Work instruction: Output all of the data exactly, keeping any images out of the copy.

Data below:
■ ■ ■ ■ ■ ■ ■

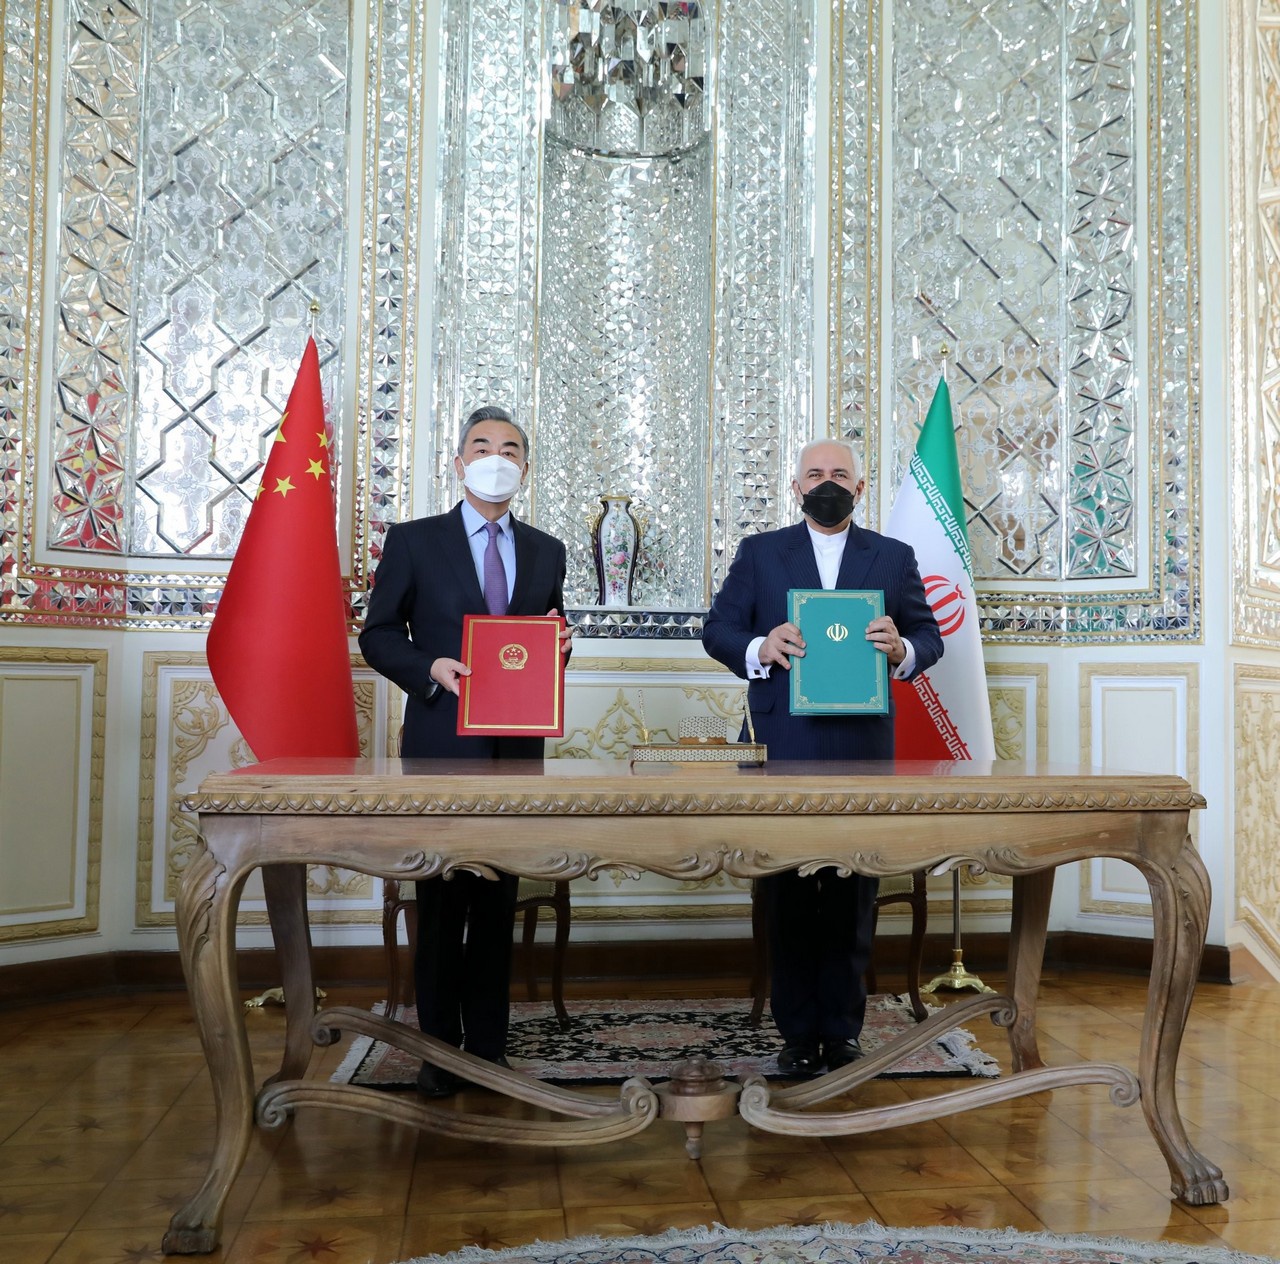 Иран и Китай 27 марта 2021 года заключили соглашение о политическом, стратегическом и экономическом сотрудничестве сроком на 25 лет. США отдыхают.
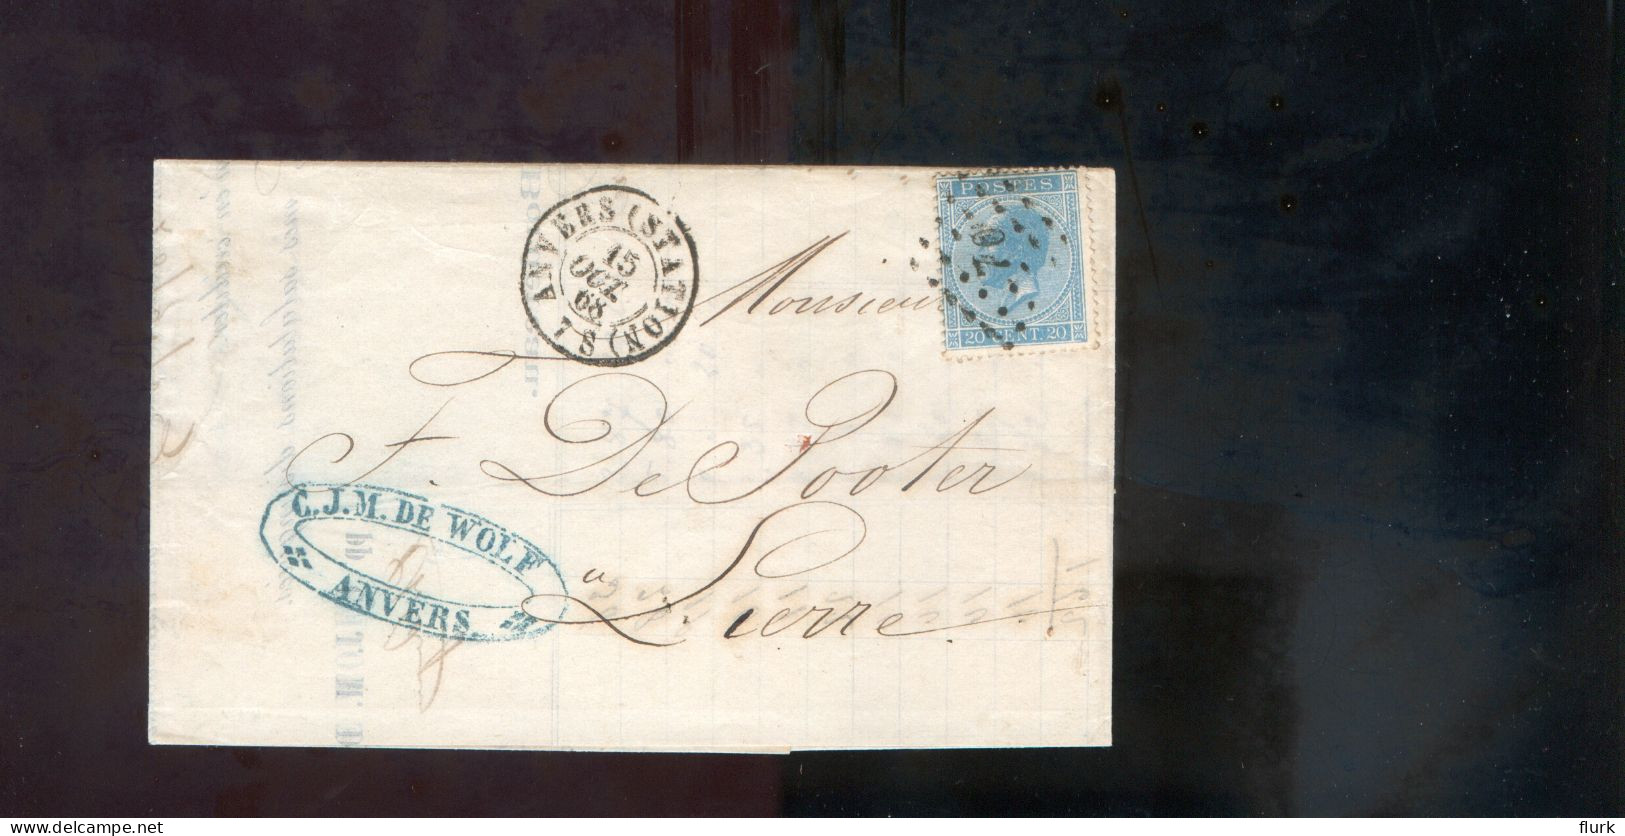 België OCB18 Gestempeld Op Brief Anvers-Lierre 1868 Perfect (2 Scans) - 1865-1866 Linksprofil
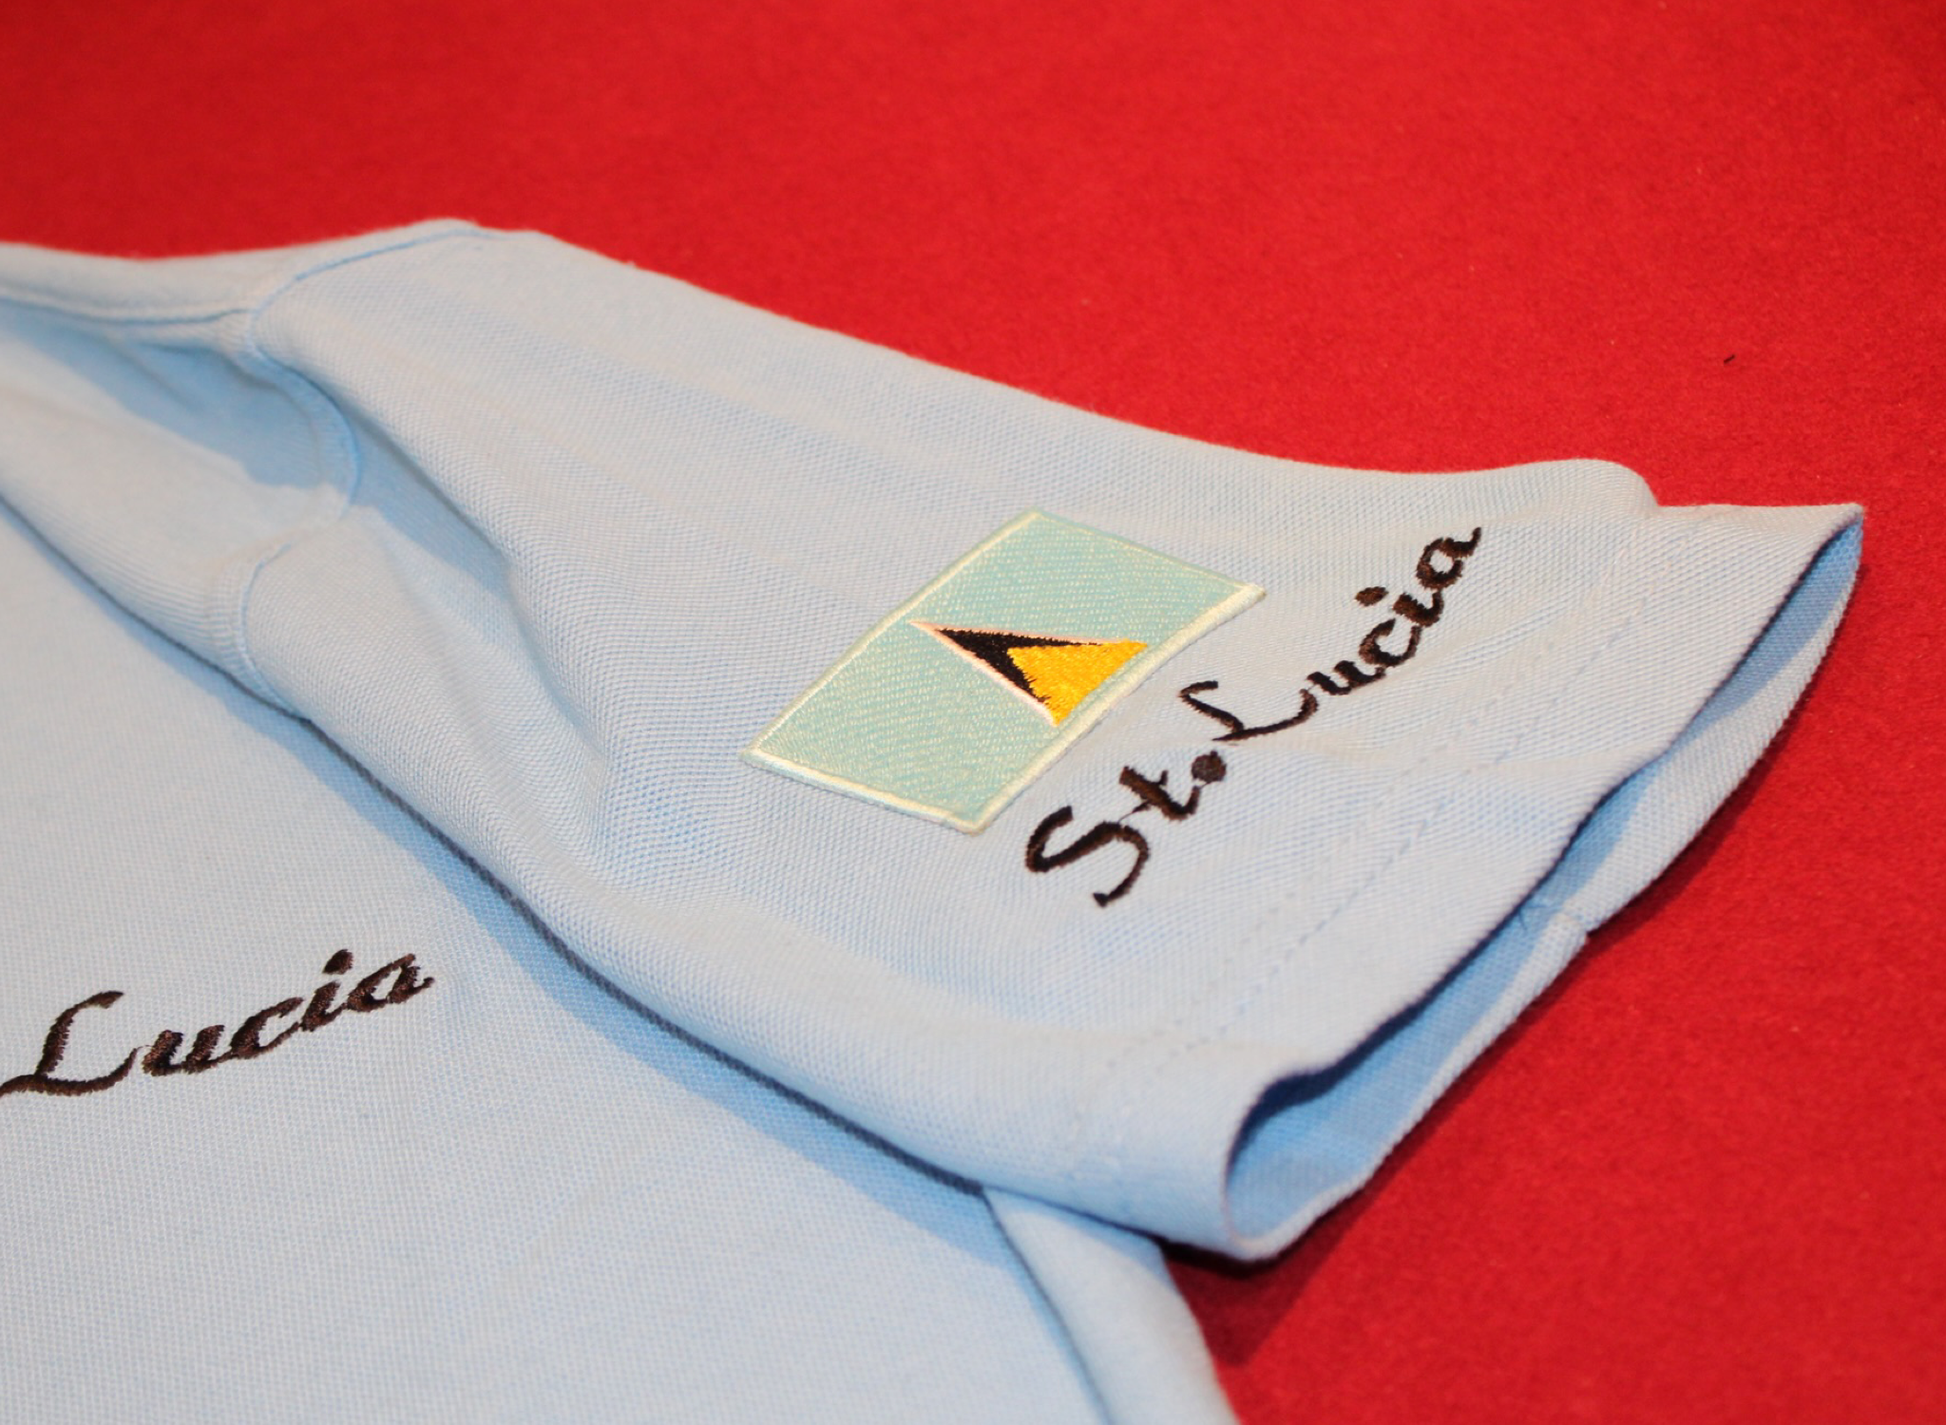 St. Lucia Polo T-Shirt

■ ■ ■ ■ ■ ■ ■

Answer to the problem:
 Иран и Китай 27 марта 2021 года заключили соглашение о политическом, стратегическом и экономическом сотрудничестве сроком на 25 лет. США отдыхают.
 België OCB18 Gestempeld Op Brief Anvers-Lierre 1868 Perfect (2 Scans) - 1865-1866 Linksprofil
 St. Lucia Polo T-Shirt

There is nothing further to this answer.